2007-04-10 05:05:42 · answer #1 · answered by laneybeans 3 · 0 0

You have a good workout schedule but you need to work the same body parts on the same days. Here's what I have changed for you. You only need to do abs twice a week.

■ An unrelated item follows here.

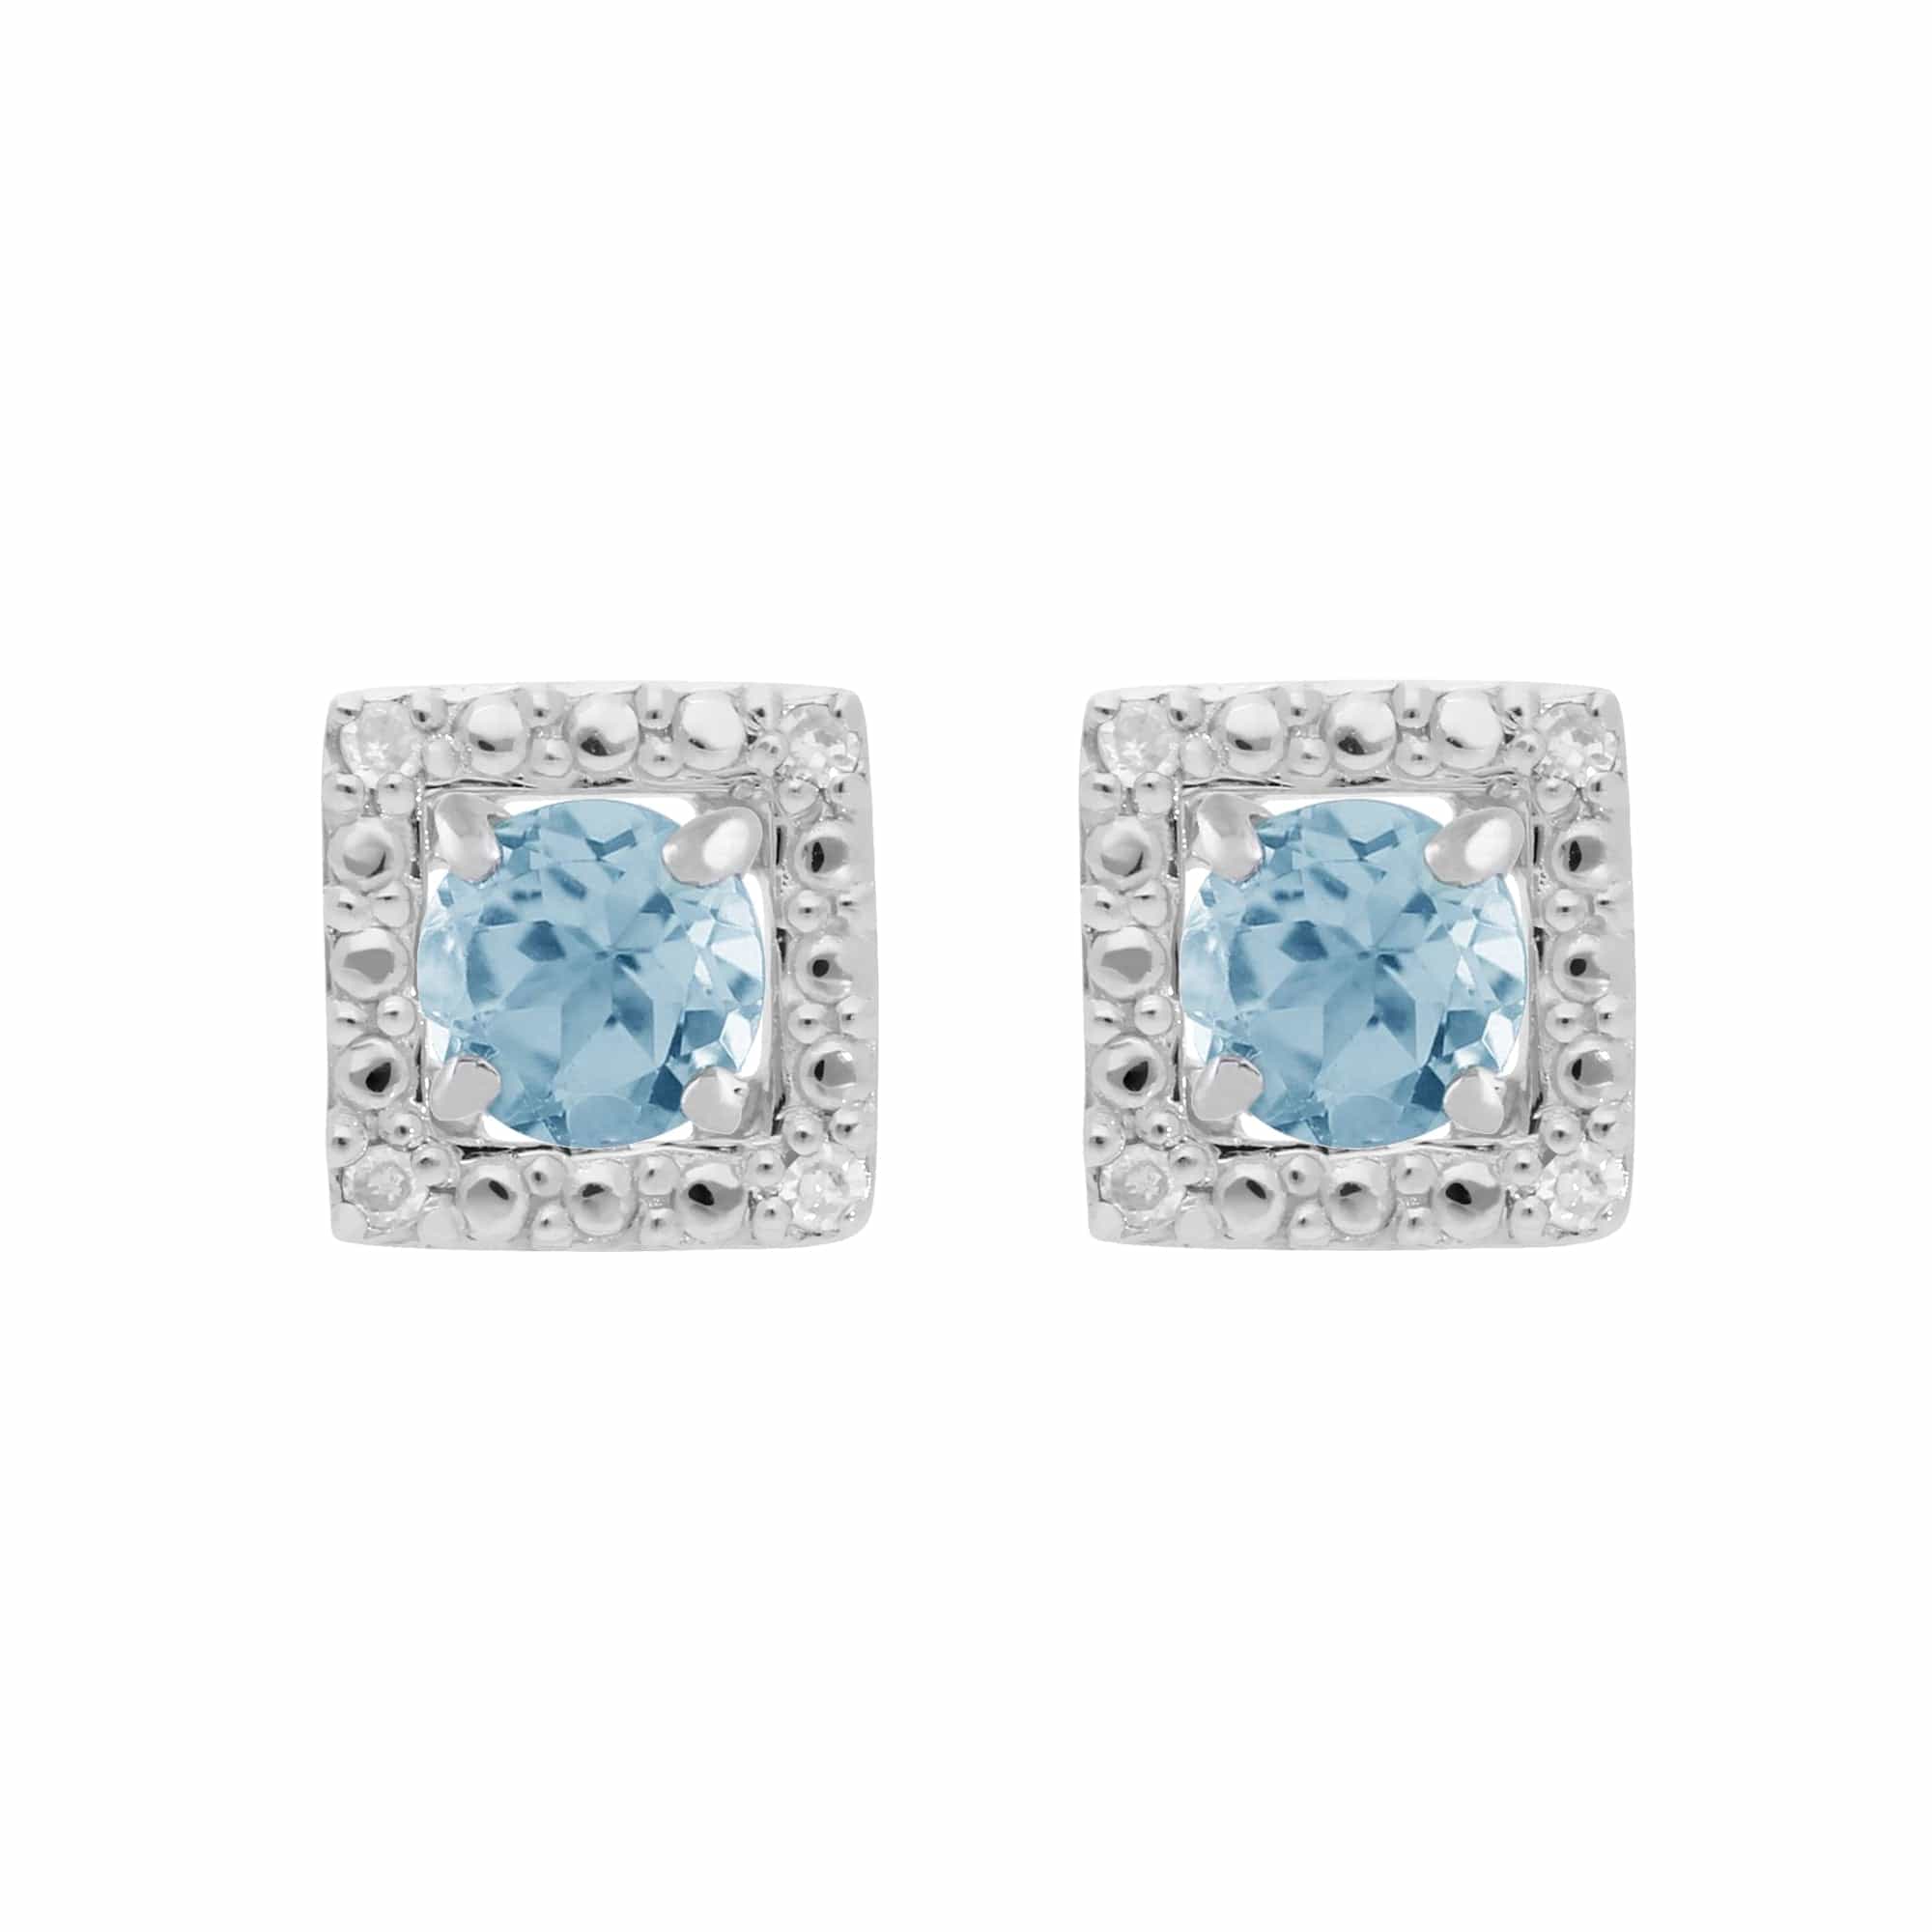 11623-162E0245019 Classic Round Blue Topaz Stud Earrings with Detachable Diamond Square Ear Jacket in 9ct White Gold 1

Just remember that if you work the same body part withing 48 hours, it doesn't give the muscles to time they need to grow.

Monday:
Bench Press -- 4 sets 12/10/8/8
Pectoral Flies -- 3 sets 12/10/8
Chest Press -- 3 sets 12/10/8
Biceps Curl -- 3 sets 12/10/8
Arms Extensions -- 3 sets 12/110/8
Forearms Curl -- 3 sets 12/10/8
Crunches -- 3 sets 20/15/15/10

Tuesday:
Squats -- 3 sets 12/10/8
Dead lifts -- 4 sets 12/10/8/8
Lunges -- 3 sets 12/10/8
Legs Presses -- 3 sets 12/10/8
Legs Curl -- 3 sets 12/10/8
Barbells Squats-- 3 sets 12/10/8
Legs Extensions -- 3 sets 12/10/8
Calves -- 3 sets 12/10/8

Thursday:
Back Extensions -- 2 sets 15/15
Pulls Up -- 3 sets 12/10/8
Rows (opposite biceps curl) -- 3 sets 12/10/8
Abs Machine -- 3 sets 12/10/8

Friday:
Shoulders -- 3 sets 12/10/8
Ropes Pull-- 3 sets 12/10/8
Lats -- 3 sets 12/10/8
Dumbbells Forward -- 3 sets 12/10/8

2007-04-10 12:04:42 · answer #2 · answered by Rutger 3 · 0 0

You have to give me your stats and your goals then a workout can be determined. It would be different depending on if you are toning or trying to bulk up.
http://www.makeoverfitness.com

2007-04-10 12:33:03 · answer #3 · answered by Anonymous · 0 0

When do you do your cardio? You need to work in some cardio exercise.